In [2]:
import os
import shutil
import random
from collections import defaultdict, Counter

def get_class_files(txt_folder):
    """
    Returns dictionary that combines every class with a list of files where those classes are contained.
    Every file can contain multiple classes.
    
    Parameter:
    - txt_folder: folder where txt files of the corrdinates are stored
    """
    class_files = defaultdict(list)
    class_counter = Counter()

    all_files = []
    
    # Iterate through all the files
    for txt_file in os.listdir(txt_folder):
        if txt_file.endswith('.txt'):
            txt_file_path = os.path.join(txt_folder, txt_file)
            with open(txt_file_path, 'r') as f:
                lines = f.readlines()
                classes_in_file = set()
                for line in lines:
                    line = line.strip()
                    if line:
                        class_id = int(line.split()[0])
                        classes_in_file.add(class_id)
                    else:
                        classes_in_file.add(-1)  # Empty rows as own class
                
                # Count each class and add the file to the corresponding class
                for class_id in classes_in_file:
                    class_files[class_id].append(txt_file)
                    class_counter[class_id] += 1 
                
                all_files.append(txt_file)
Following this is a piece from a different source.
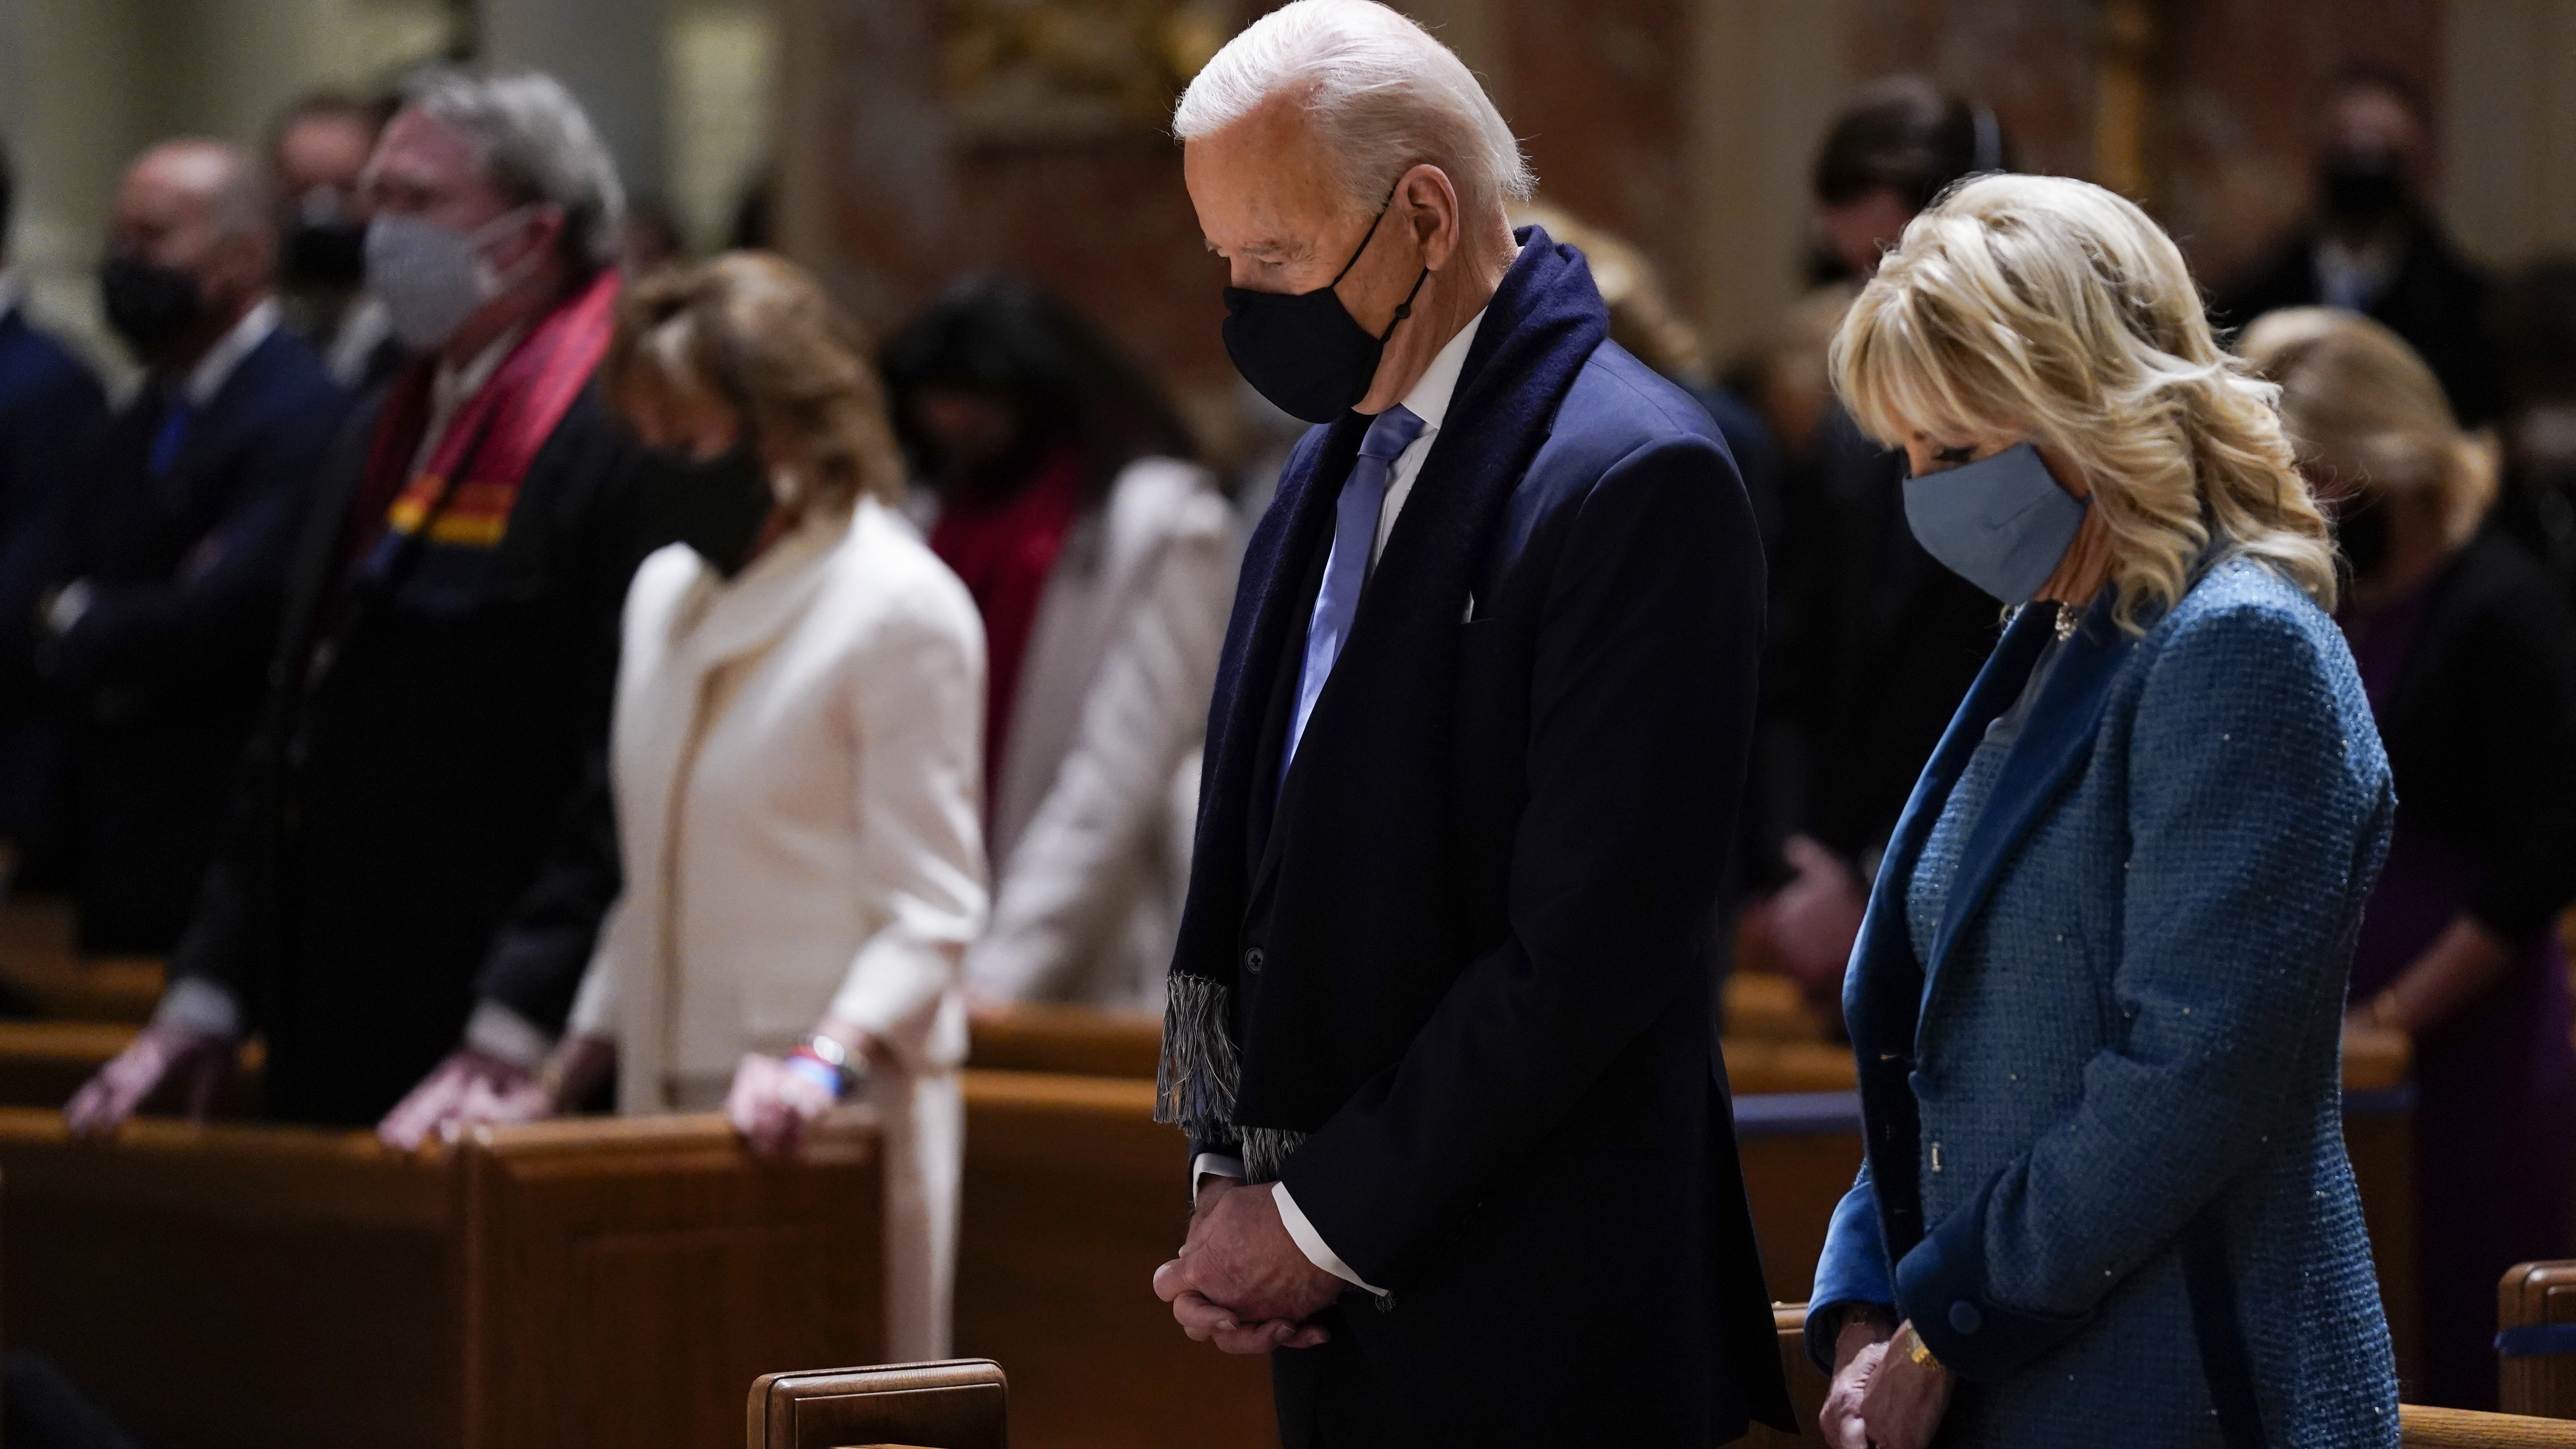 President Joe Biden and his wife, Jill Biden, shown here on Jan. 20, 2021, attend Mass at the Cathedral of St. Matthew the Apostle during Inauguration Day ceremonies in Washington, D.C. CREDIT: Evan Vucci/AP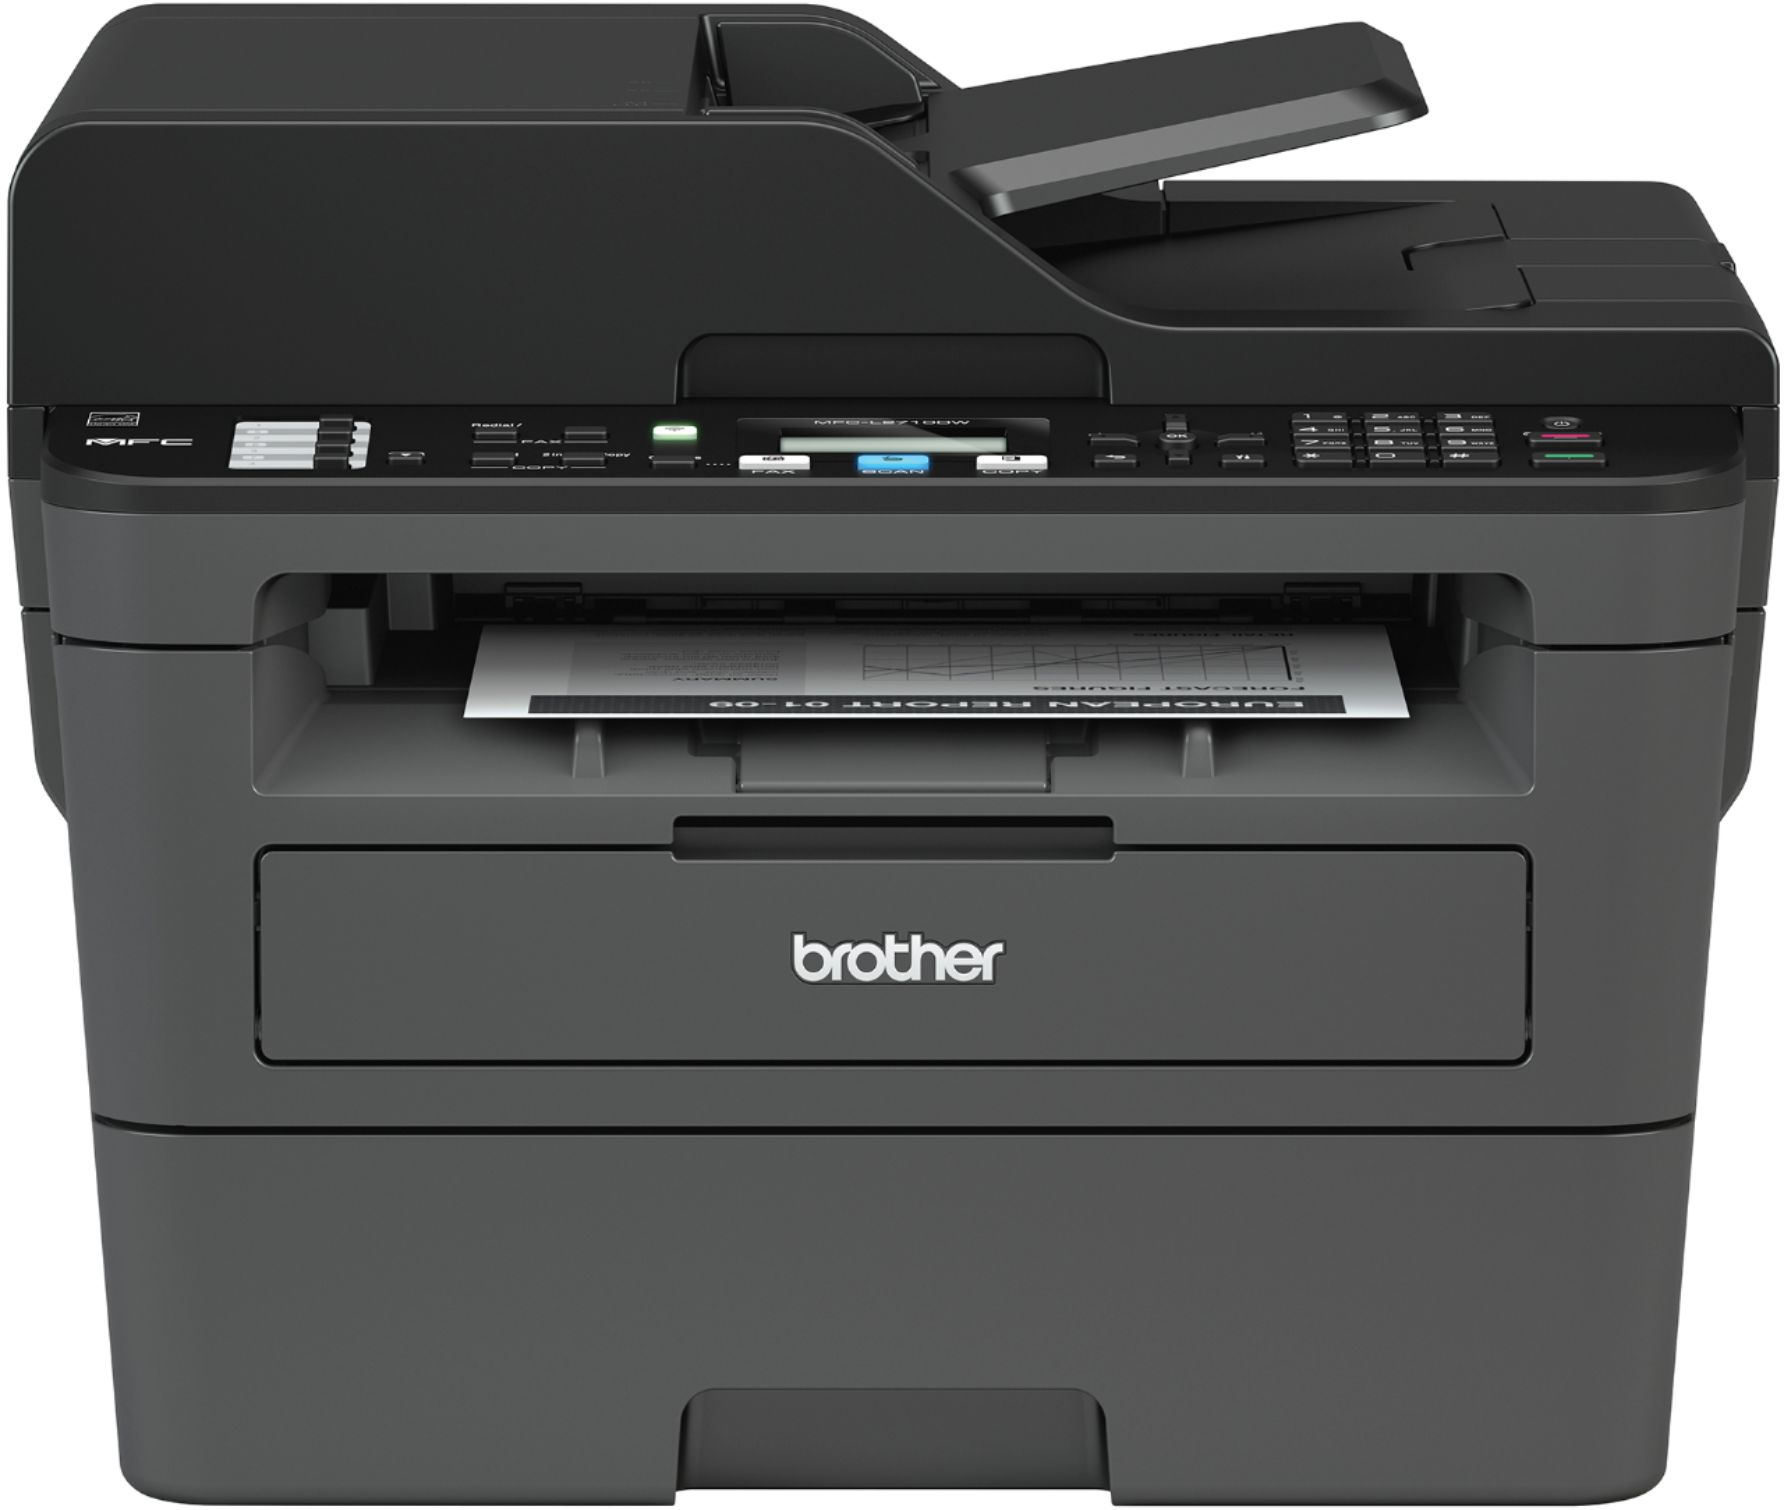 Brother MFC-L2710DW Wireless Black-and-White All-in-One Subscription Eligible Laser Printer Black MFC-L2710DW - Best Buy

    return class_files, all_files, class_counter

def distribute_files_based_on_ratio(all_files, train_ratio=0.8, test_ratio=0.15, val_ratio=0.05):
    """
    Distribute the files based on file count and specified ratio.
    
    Parameters:
    - all_files: List of all txt files that contain the coordinates
    - train_ratio: training data ratio. In our case 80%
    - test_ratio: test data ratio. In our case set to 15%
    - val_ratio: validation data ratio. In our case set to 5%
    """
    random.shuffle(all_files)

    total_files = len(all_files)
    train_size = int(total_files * train_ratio)
    test_size = int(total_files * test_ratio)

    train_files = all_files[:train_size]
    test_files = all_files[train_size:train_size + test_size]
    val_files = all_files[train_size + test_size:]

    return train_files, test_files, val_files

def copy_files(file_list, src_txt_folder, src_img_folder, dest_txt_folder, dest_img_folder, class_counter):
    """
    Coypies text and frame files into target folder. Skips files where no image exists. 
    Returns class distribution for target folder.
    
    Parameters:
    - file_list: List of files: train, test, validation files
    - src_txt_folder: path to source text file folder
    - src_img_folder: path to source image file folder
    - dest_txt_folder: path to destination text folder
    - dest_img_folder: path to destination image folder
    - class_counter: Counter() for different classes
    """
    os.makedirs(dest_txt_folder, exist_ok=True)
    os.makedirs(dest_img_folder, exist_ok=True)

    class_counter_in_folder = Counter()

    for file in file_list:
        txt_file = os.path.join(src_txt_folder, file)
        img_file = os.path.join(src_img_folder, file.replace('.txt', '.jpg'))

        if os.path.exists(img_file):  # Check, whether image exists
            shutil.copy(txt_file, dest_txt_folder)
            shutil.copy(img_file, dest_img_folder)

            # Count classes of copied files
            with open(txt_file, 'r') as f:
                lines = f.readlines()
                for line in lines:
                    line = line.strip()
                    if line:
                        class_id = int(line.split()[0])
                    else:
                        class_id = -1 
                    class_counter_in_folder[class_id] += 1
        else:
            print(f"Image for {file} missing. File skipped.")
    
    return class_counter_in_folder

def print_class_distribution(class_counter, total_count, title):
    """
    Print class distribution with percentage
    
    Parameters:
    - class_counter: Counter() for classes
    - total_count: Total count of classes
    - title: Title of distribution
    """
    print(f"\n{title}")
    print(f"{'Class':<10}{'Count':<10}{'Percentage':<10}")
    for class_id, count in sorted(class_counter.items()):
        percentage = (count / total_count) * 100 if total_count > 0 else 0
        print(f"{class_id:<10}{count:<10}{percentage:.2f}%")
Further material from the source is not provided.